Esmaeilinezhad, Z, Babajafari, S, Sohrabi, Z, Eskandari, MH, Amooee, S, Barati-Boldaji, R
Nutrition, metabolism, and cardiovascular diseases : NMCD. 2019;(2):201-208
Abstract
BACKGROUND AND AIMS Polycystic Ovarian Syndrome is a common reproductive, endocrine, and metabolic disease in women. Pomegranate juice, known as a rich source of phytochemicals with high antioxidant activity, enriched with probiotic may improve PCOS. METHODS AND RESULTS A randomized, controlled, triple-blinded, parallel trial study was performed in PCOS patients (n = 92). Three treatment groups (23 patients each) received 2 L of synbiotic pomegranate juice (SPJ), pomegranate juice (PJ), and synbiotic beverage (SB) weekly. The control group (23 patients) received 2 L of placebo beverage weekly. Primary outcome was any change in insulin resistance and secondary outcomes were fasting blood sugar (FBS), insulin sensitivity, testosterone, luteinizing hormone (LH), follicle stimulating hormone (FSH), body mass index (BMI), waist and hip circumference, from baseline to the end of the trial. At the end of the study, 86 patients were analyzed. There was significant change in insulin resistance in the SPJ and SB groups. Insulin sensitivity increased significantly in the SPJ and SB groups. Insulin also changed significantly in the SPJ and SB groups. BMI, weight and waist circumference decreased significantly in the SPJ and SB groups.

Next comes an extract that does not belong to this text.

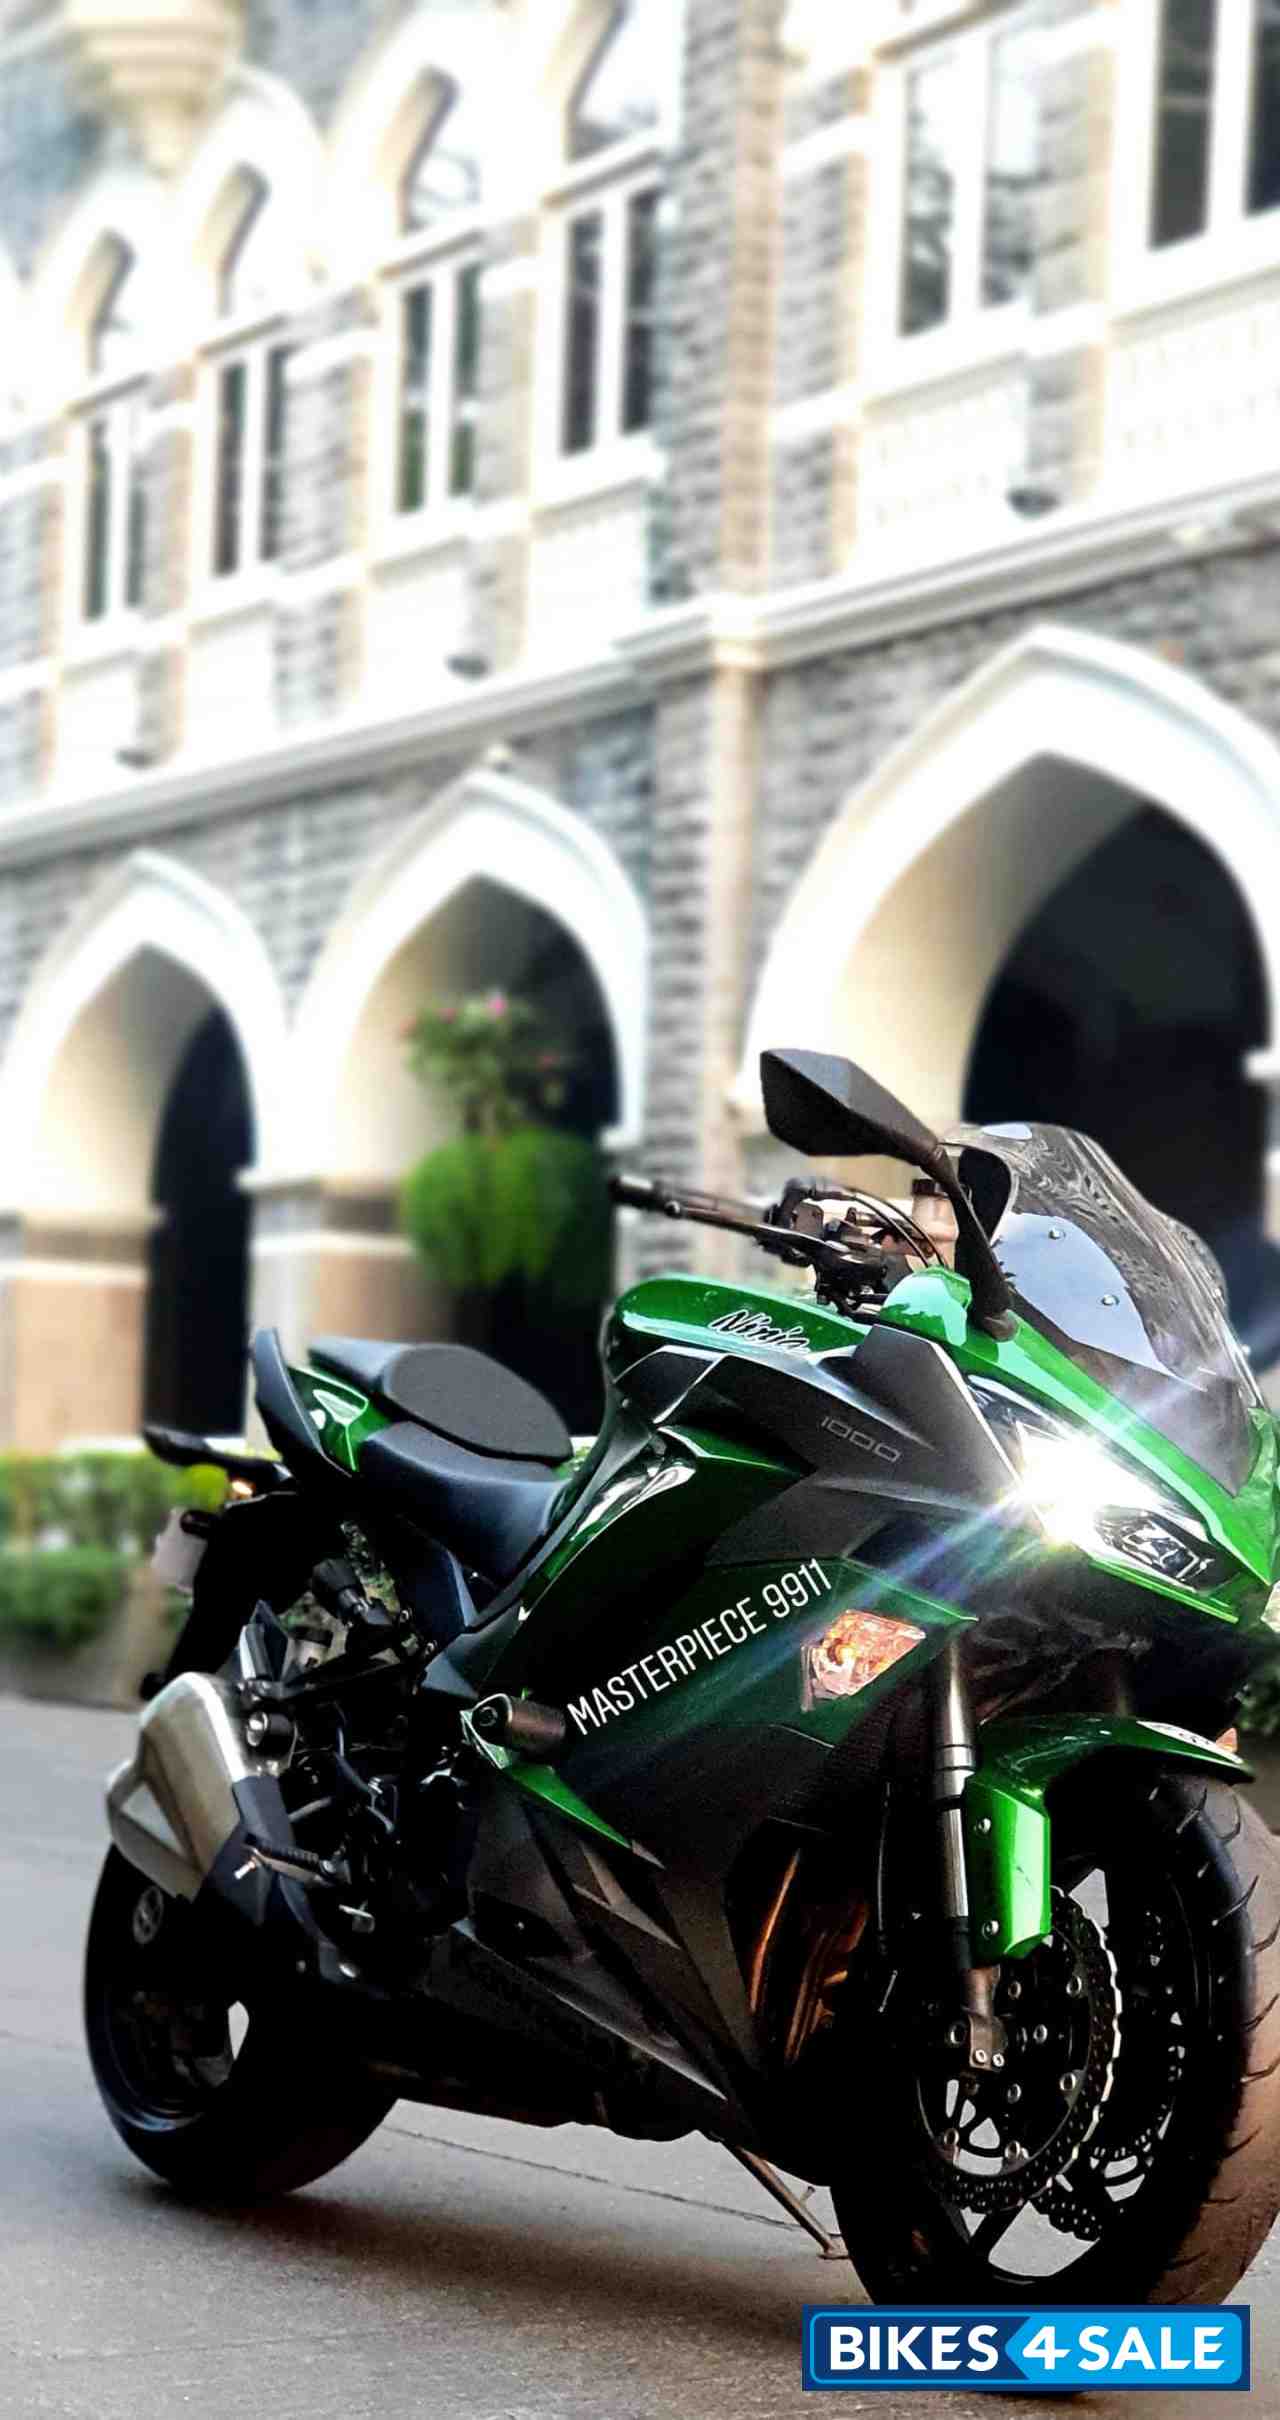 Emerald Blazed Green Kawasaki Ninja 1000

Testosterone level also decreased significantly in the SPJ and SB groups. There was no significant change in FPG, LH and FSH in any of the groups. CONCLUSION SPJ in the form of a new beverage can improve insulin resistance, insulin, testosterone level, BMI, weight and waist circumference in PCOS. This trial was registered in Iranian Registry of Clinical Trials, with number: 25272.